One of the things that she made was this fetching ‘Learn to Solder’ badge:

Helen's Makefest Badge

It’s a design by Andy Dutton, Mark and Angela Gilbert and Torben Steeg. H had fun soldering it together (it’s definitely not her first time, so I think she surprised the man teaching them at the museum) and the ladies that had missed out wanted to know where they could get kits for an uncoming craft session, and for various relatives they thought would like them.


As far as I can see, ‘Learn to Solder’ kits come in three forms: available in America, way too expensive to buy in bulk, and way to expensive to buy in bulk and also only available in America.

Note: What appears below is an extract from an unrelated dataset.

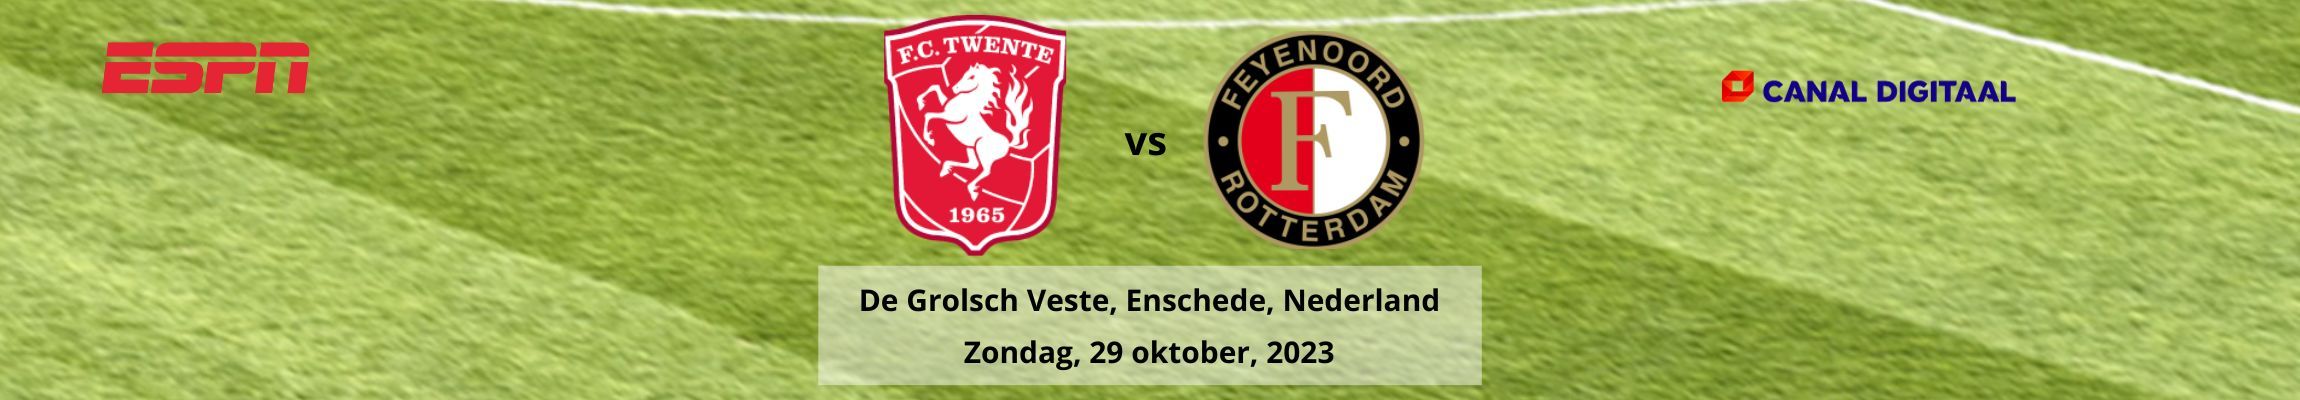 FC Twente vs Feyenoord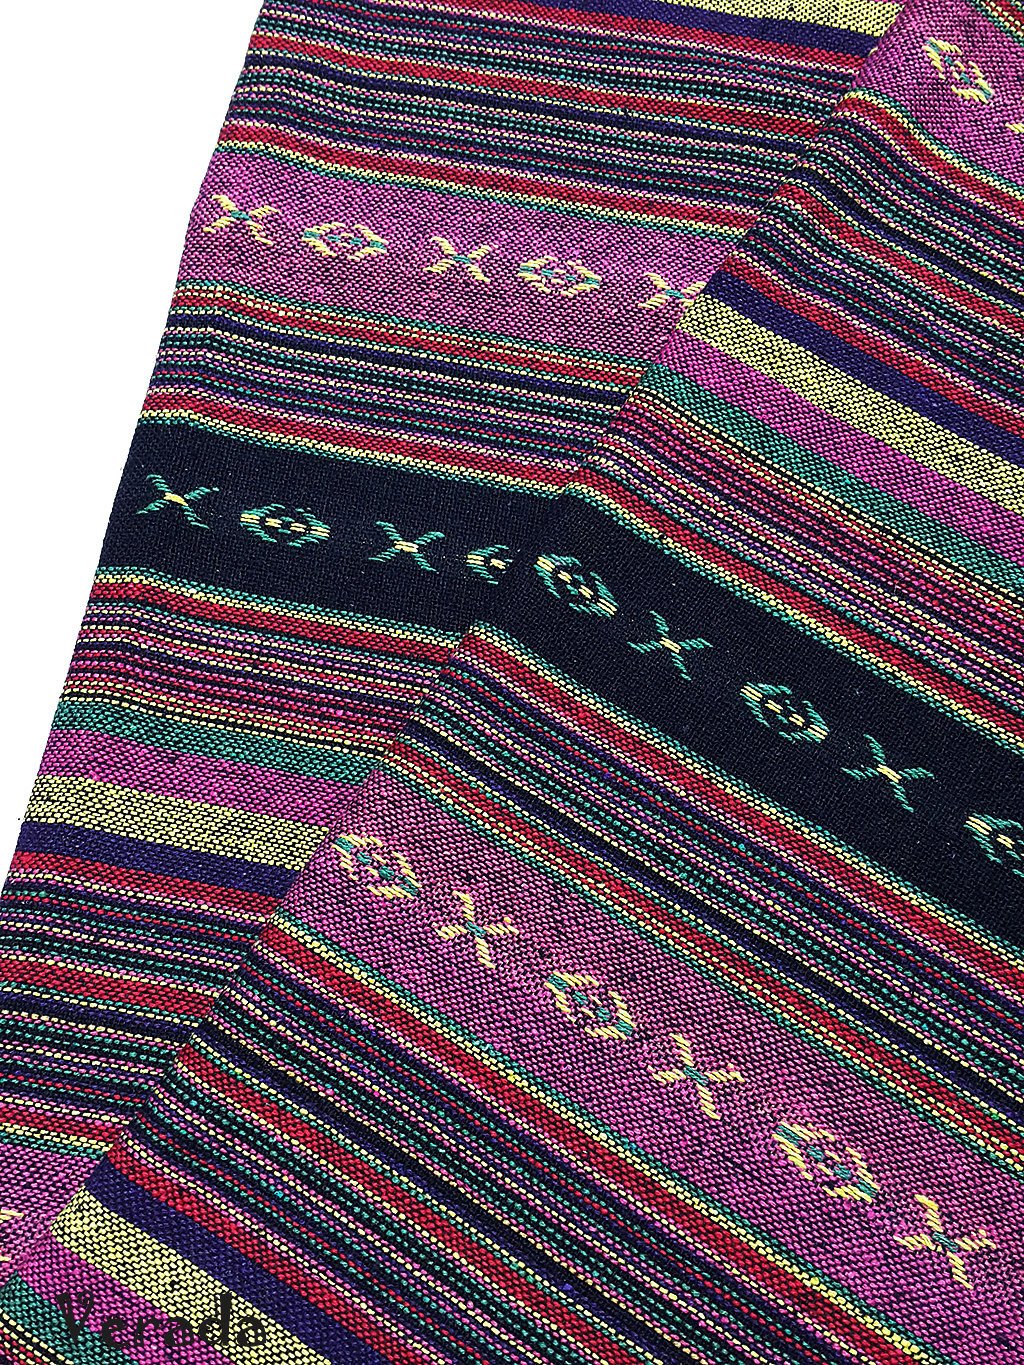 Thai Woven Cotton Tribal Fabric Textile 1/2 yard (WF108)

To be fair, the individual kits you can buy online are probably great for someone with a son or daughter they want to introduce to soldering, look to be of high quality, are presented well with instructions and (being put together in the West) are hardly going to be a source of vast profits for any of the people who sell them.

But faced with sourcing up to fifty of them, I was interested to see how cheaply they could be made. I’d like to apologise in advance for the fact these will not be sustainably made badges: the answer to the question “how to get something done cheaply” is “create externalities in China”.


We’ll need some RGB LEDs, battery holders, switches and pin bars. So that’s £8 then.

(Like the original badge, I’m using RGB LEDs with the control circuitry to blink already built in - so that’s three colours of LED and something to make them flash for 3p each)

The remaining step and reason for this post, is the PCB.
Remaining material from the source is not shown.